Link to that answer for those who are interested:
https://www.quora.com/Why-is-JavaScript-so-hated/answer/Kai-Zhu-9

> > Why is JavaScript so hated?

I have seen no indication that it is. Quite the reverse. And like Jordan, I
see a lot of love for the improvements in ES2015 and ES2017 (and many of
the current Stage 3 proposals which seem likely to make it to ES2018, like
object rest/spread).

> the primary reason is because traditional oop skills gained from
> c#/c++/java/python/etc translate poorly to javascript.
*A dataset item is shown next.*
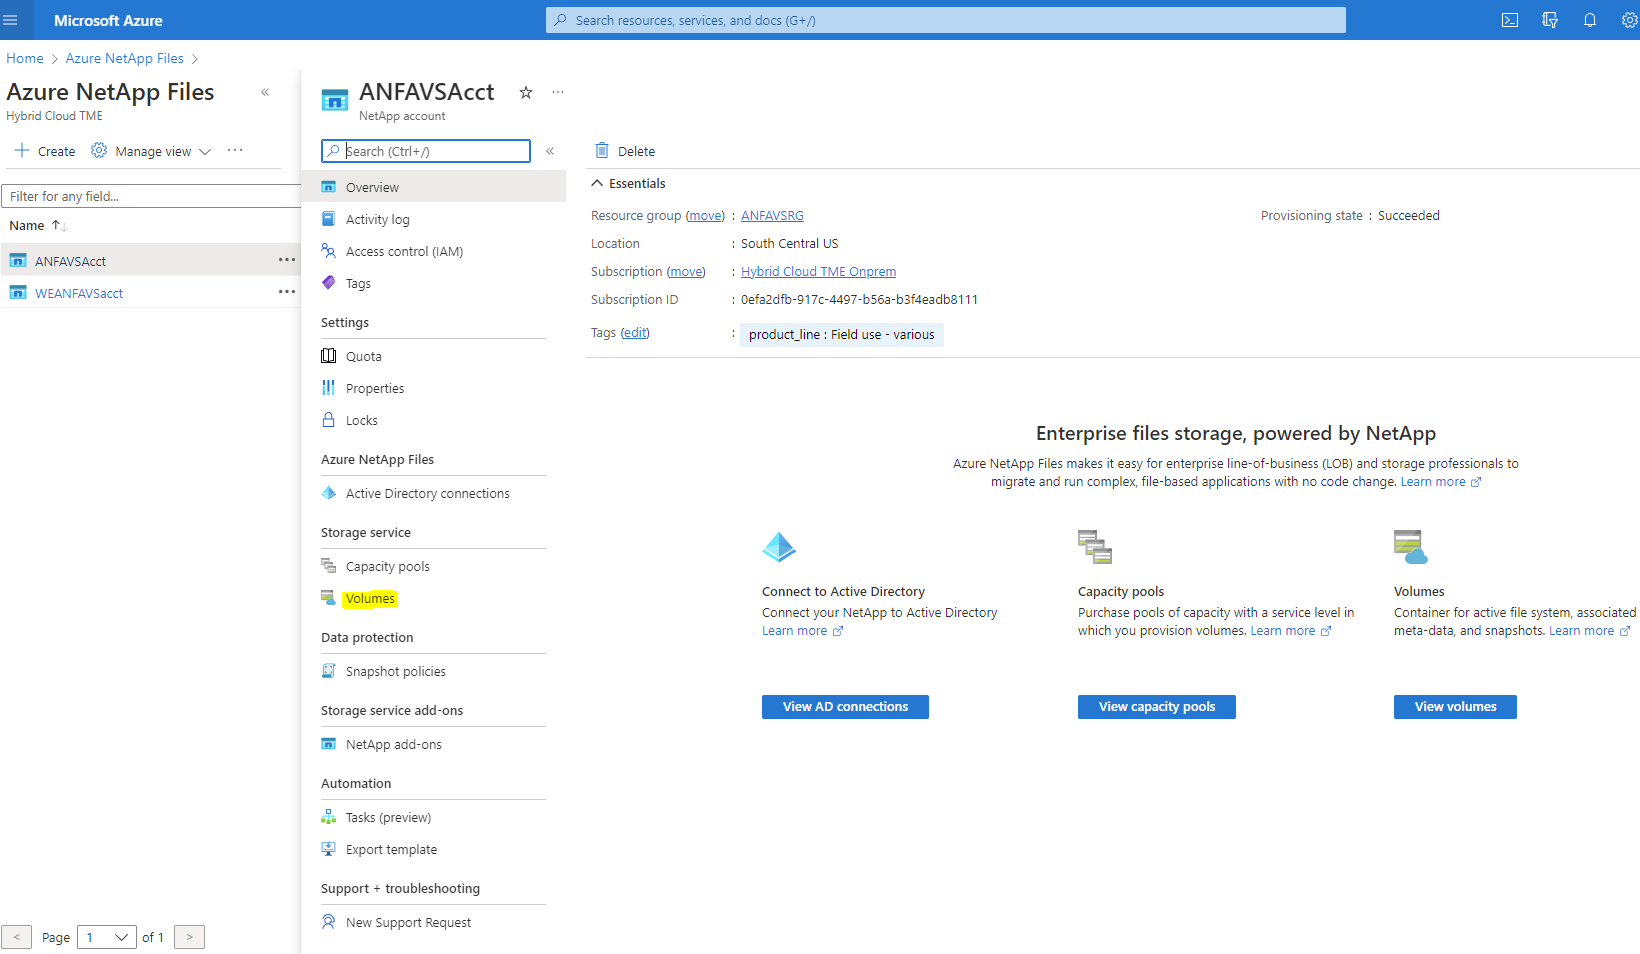 This screenshot shows the landing screen for a NetApp storage account.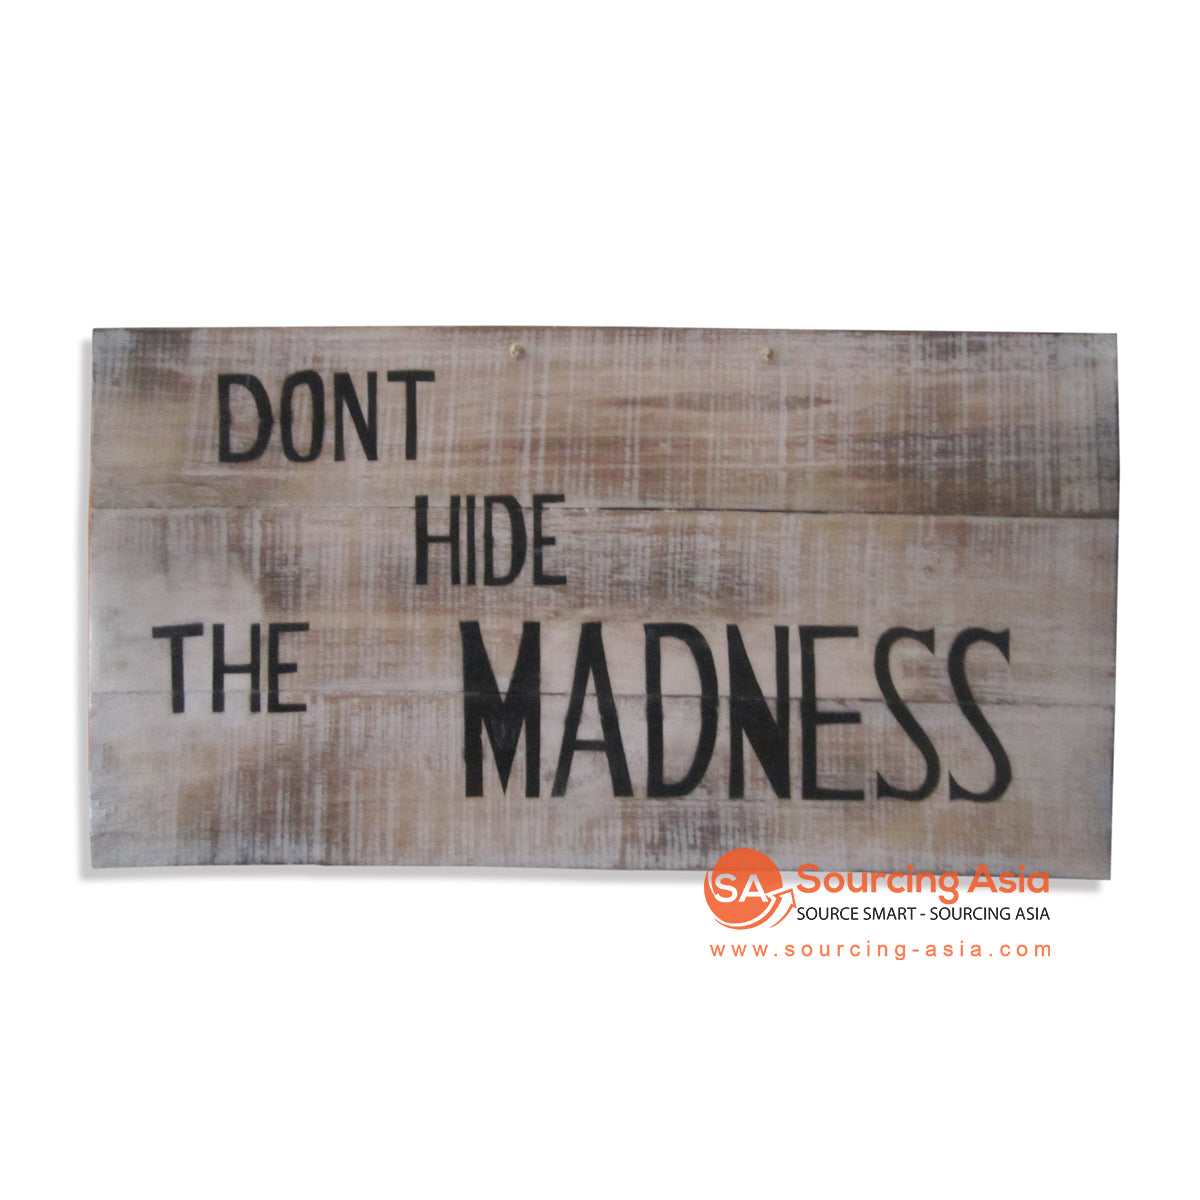 LSA07C WOODEN "DONT HIDE THE MADNESS" WALL SIGN BOARD

I disagree. Understanding the concepts of objects and object references,
creation patterns (constructor, builder, etc.), functions/methods,
pass-by-value (which is dominant in those languages), mutability vs.
immutability -- all of these are just the same.

Yes, the fact JavaScript used Java syntax but is prototype-based rather
than class-based can trip people up if they don't have experience of
prototype-based languages (which are less common today than class-based
ones) and don't bother to read a tutorial or two before jumping in.
(Disclosure: I made that mistake, years ago.) There are things to learn in
any new language. I see Java people tripped up by generics or nested
classes every bit as much.

> in javascript, class-instantiated objects are inferior to
> plain-objects, because plain-objects come with
> JSON.stringify/JSON.parse baked-in

No more or less so than objects created with other constructors.

> ..., while classes require
> needless extra serialization/deserialization routines
> which can easily double your codebase or more (as
> real-world javascript-code is heavily i/o based).

First, if serialization code is doubling your codebase, you're doing it
wrong. :-)

But more importantly, no, serialization is no easier with objects created
only with the Object constructor than it is with objects created with other
constructors. In both cases, if you want true objects (not just property
bags), you have to reattach their methods. Doing so is not difficult.

> javascript and frontend-programming...

False conflation.

> ...there's currently a civil war going on in frontend-development,

The gentlest characterization I can make of that statement is that
it's...hyperbolic. There is no civil war. There are a couple of different
object creation patterns, and some people use one kind, and other people
use another kind. In both cases, you end up with objects with properties
and methods, which can interoperate just fine. It's like claiming there's a
civil war in the Java world because some projects use constructors and
others use the Builder pattern. E.g., a gross mischaracterization.